Zico Kolter, chief scientist at the Bosch Center for Artificial Intelligence, says research on defending AI systems is still at an early stage. The German company hired Kolter, an associate professor at Carnegie Mellon who works on designing systems so that they are provably robust, to help ensure that the AI systems it is developing, including those used in automotive products, are not vulnerable. Kolter says most efforts to protect commercial systems aim to head off attacks rather than make sure they are not vulnerable.
In October, Bosch and 11 other companies, including Microsoft, Nvidia, IBM, and MITRE, released a software framework for probing AI systems for weak spots. A Gartner report from 2019 predicts that by 2022, 30 percent of all cyberattacks on AI systems will themselves leverage some form of AI.
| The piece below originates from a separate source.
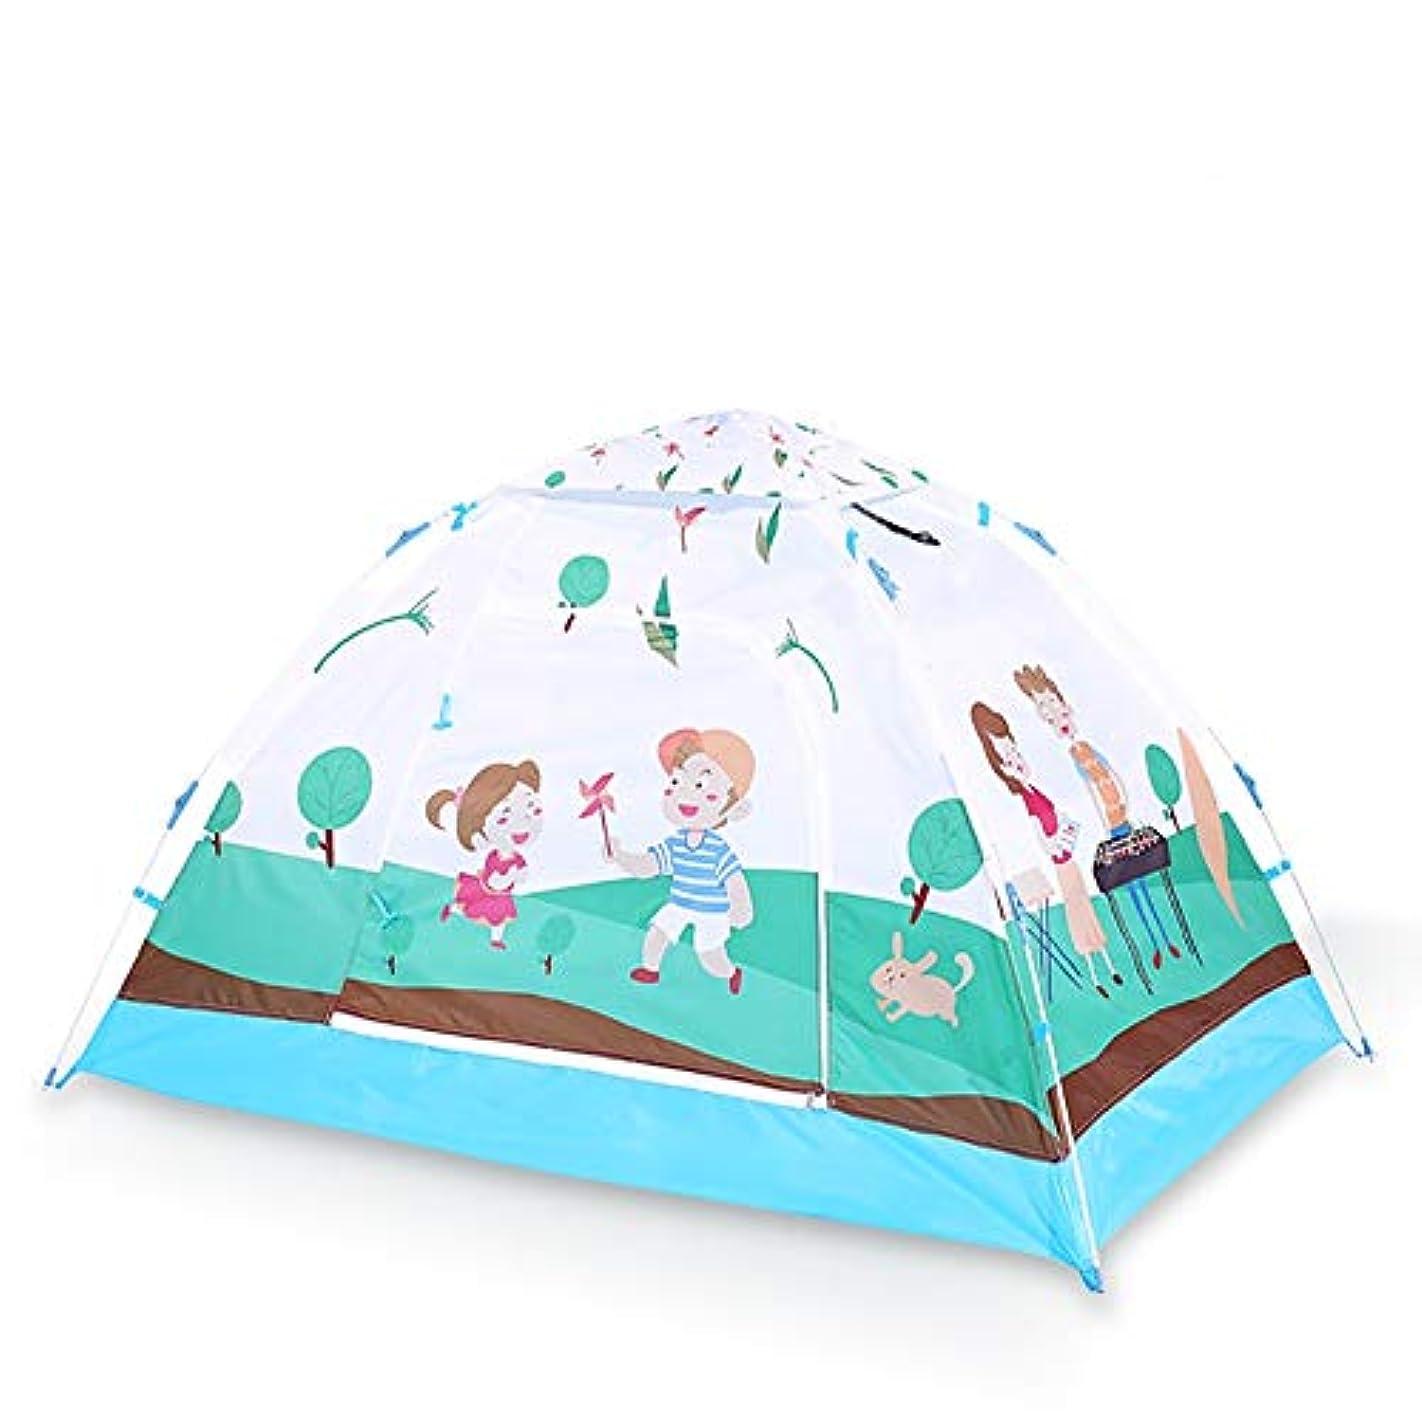 国籍ピッチャー保安子供の遊びのテント自動インスタントポップアップ子供のための防水テントプレイハウスギフト男の子と女の子のための屋内と屋外での使用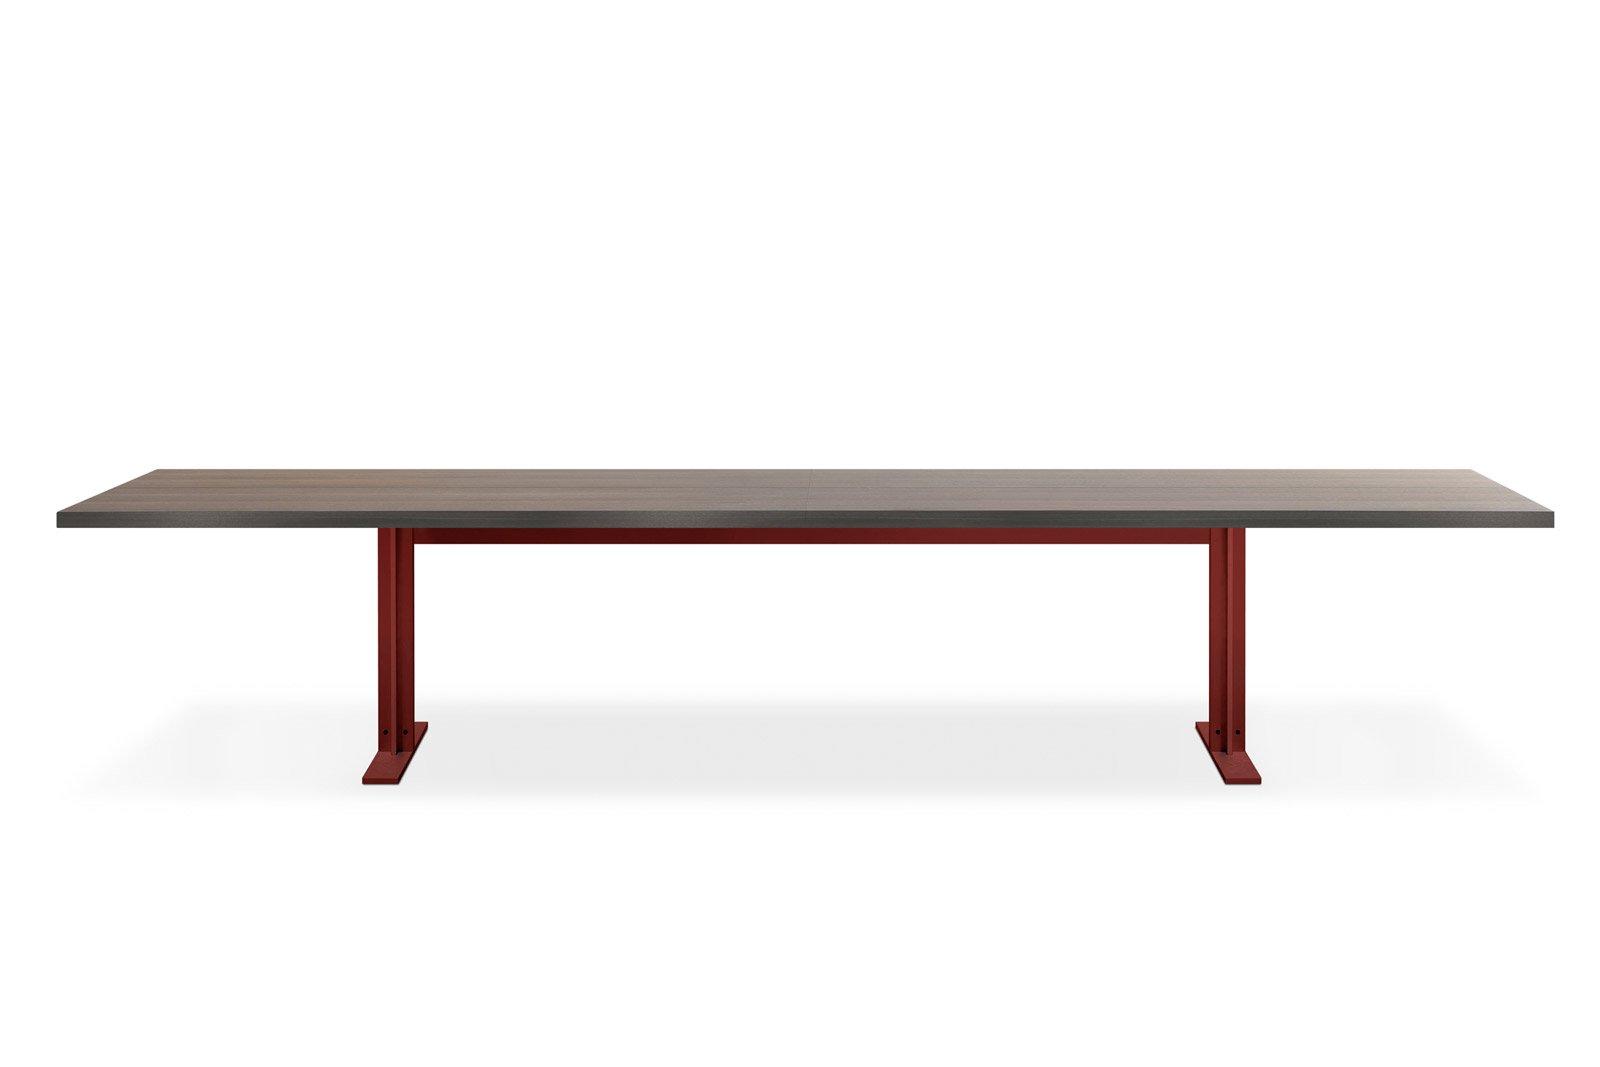 Memo di Lema è un tavolo di grandi dimensioni dal design minimalista; la struttura portante è in metallo laccato rosso, il piano è realizzato in pregiato legno di rovere termotrattato. Misura L 400 x P 110 x H 72 cm. www.lemamobili.it

Aleksander Madry, an associate professor at MIT who works on machine learning, says it still isn’t clear how to guarantee that AI systems are safe. He adds that the vulnerabilities being exploited reflect a more fundamental weakness with modern AI. But making AI systems more robust may also improve their intelligence. In a paper to be presented at a conference later this month, he and colleagues show that image-recognition algorithms that can withstand adversarial attacks also can be applied more effectively to new tasks, making them more useful.
The alien way that AI systems work doesn’t just make them vulnerable to attack, it also means they will fail in surprising ways. This is likely to result in problems in areas like medical imaging and finance, Madry says. “AI models are just very eager students, and they will do everything they can to solve this narrow problem,” he says. “Every company [using AI] needs to think about that.”